When an unborn child’s upper lip and palate don’t close completely while the development occurs, the child ends up with a cleft lip or cleft palate. The affected area is the openings or splits in the upper lip, the roof of the mouth, also known as palate or both. This condition is extremely common, occurring on its own or together with other conditions. They are one of the most common birth defects and can be corrected with treatments and surgeries. After getting operated on by a series of surgeries, the cleft lip and cleft palate look as they did before and have minimal scarring in the end. 

What are the Symptoms of a Cleft Lip/Cleft Palate? 

At birth, a split (cleft) in the lip or palate is typically visible immediately. In a prenatal ultrasound, it could be discovered prior to delivery. Cleft palate and cleft lip can appear as follows:

  • One or both sides of the face may be affected by a lip and palate split.
  • A lip split that either starts as a tiny lip notch or spreads from the lip into the palate and upper gums before entering the nose’s base.
  • The appearance of the face is unaffected by a split in the roof of the mouth.

It is less likely that a cleft only develops in the soft palate muscles, which are located behind the mouth and covered by the lining of the mouth. Healthcare professionals refer to this as a submucous cleft palate. This kind of cleft might not be noticeable at birth, and it might not be identified until later, when symptoms below start occurring:

  • Having trouble eating.
  • Speaking in a nasal tone.
  • Constantly occurring infection of the ears.
  • Having trouble swallowing, in rare cases. 
  • Foods or liquids emerging from the nose.

What are the Causes of Cleft Lip or Cleft Palate? 

Cleft lip or cleft palate usually occurs when the tissues in the unborn baby’s face and mouth during healthy progression don’t get formed correctly. Generally, the tissues forming the lip and palate get together in the first few weeks of pregnancy. However, the babies with a cleft lip or cleft palate don’t have both the lip and palate together or have them only halfway there, which leads to an opening. The main cause of this is not known, as both genetics and environment play a role in a baby’s development. 

What are the Factors of a Cleft Lip and Cleft Palate? 

Many factors may cause a cleft lip and cleft palate in the child which may include:

  • Babies having a family history of cleft lip or cleft palate may end up developing it. 
  • Exposure to substances like tobacco, consuming alcohol, or taking specific medications may lead to the child developing a cleft lip or cleft palate. 
  • Lack of vitamins in pregnancy, such as not having adequate amounts of folate in the body during the first trimester of pregnancy, may increase the chances of the unborn child developing a cleft lip or cleft palate. 
  • Gender plays an important role as well, where men are more prone to developing a cleft lip than women. 
  • Race or ethnicity also determines the likelihood of developing a cleft palate. People that are Native American or Asian heritage are more prone to developing a cleft palate than people with African American heritage. 

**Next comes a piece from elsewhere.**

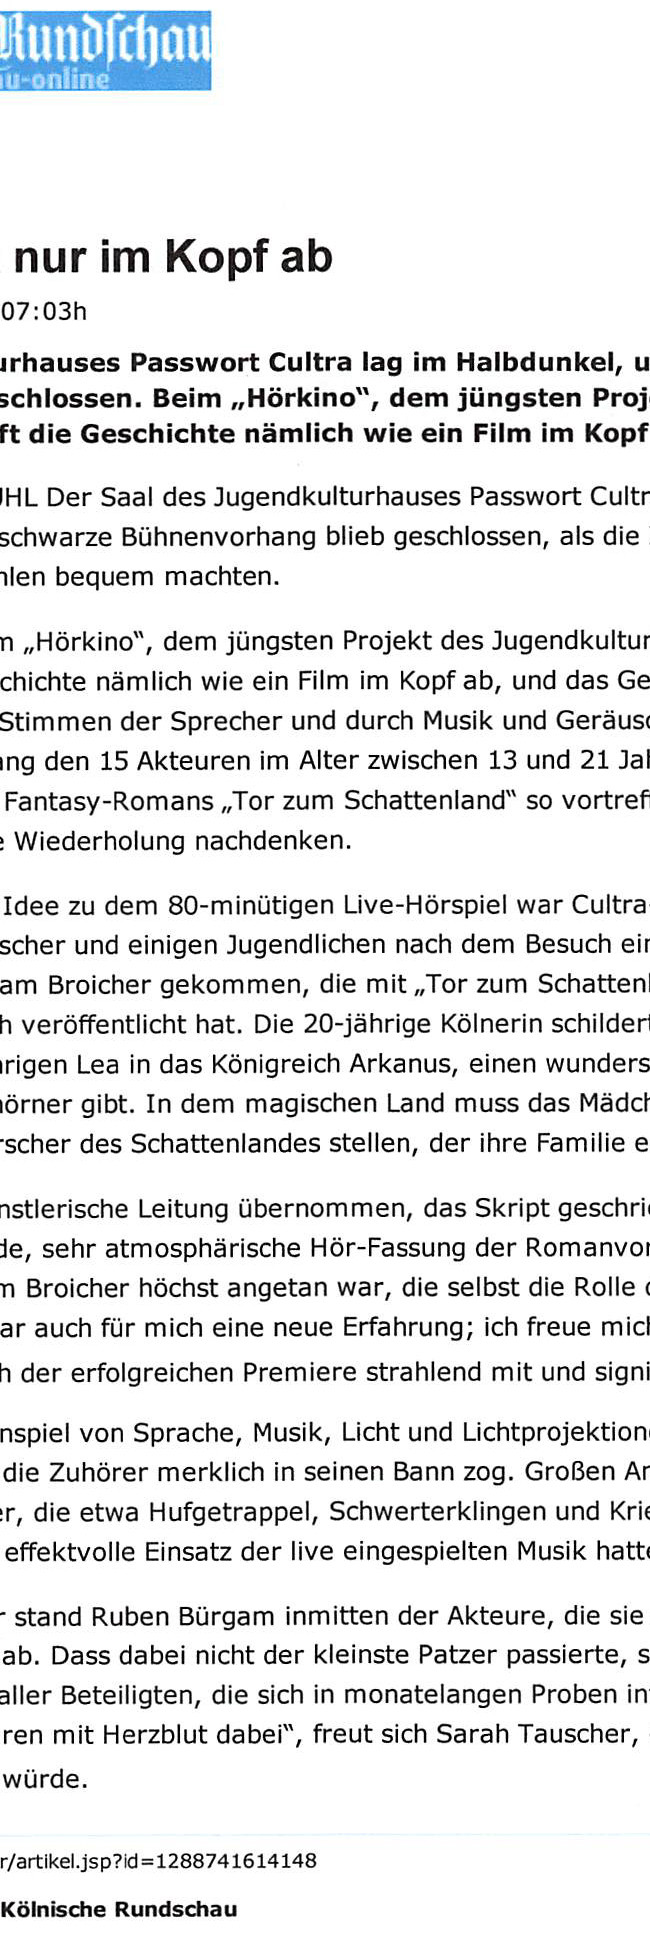 Presseartikel Kölnische Rundschau vm 20.12.2009

How to Treat a Cleft Lip or Cleft Palate? 

An important intervention for treating a cleft lip and palate is reconstructive, which is targeted towards restoring the regular functioning and appearance of the affected area. A cleft lip is a congenital condition where there is a split or opening in the upper lip, while a cleft palate consists of an opening in the roof of the mouth. These conditions may lead to issues in eating and speech and may even encounter dental and oral problems.

The treatment in reconstructive surgery usually occurs in stages:

Stage 1: First Surgery: This is generally performed when the child is around 3 to 6 months old for the cleft lip, which assists in enhancing the look and appearance of the lip, allowing feeding. 

Stage 2: The Repair: The cleft palate usually gets repaired between 9 and 18 months of age. This surgery includes closing the gap in the palate. This step is extremely important as it allows for the progression of normal speech.

Stage 3: Post-surgery: In this stage, the children may go for speech therapy and need follow-up care to monitor their improvement and development. The success of these surgeries significantly improves the overall quality of life for affected individuals, giving them a chance to lead more normal lives with enhanced speech and social meetings and conversations. 

All in all, reconstructive surgery for cleft lip and palate is an important aspect of multidisciplinary care that looks at both functional and aesthetic concerns.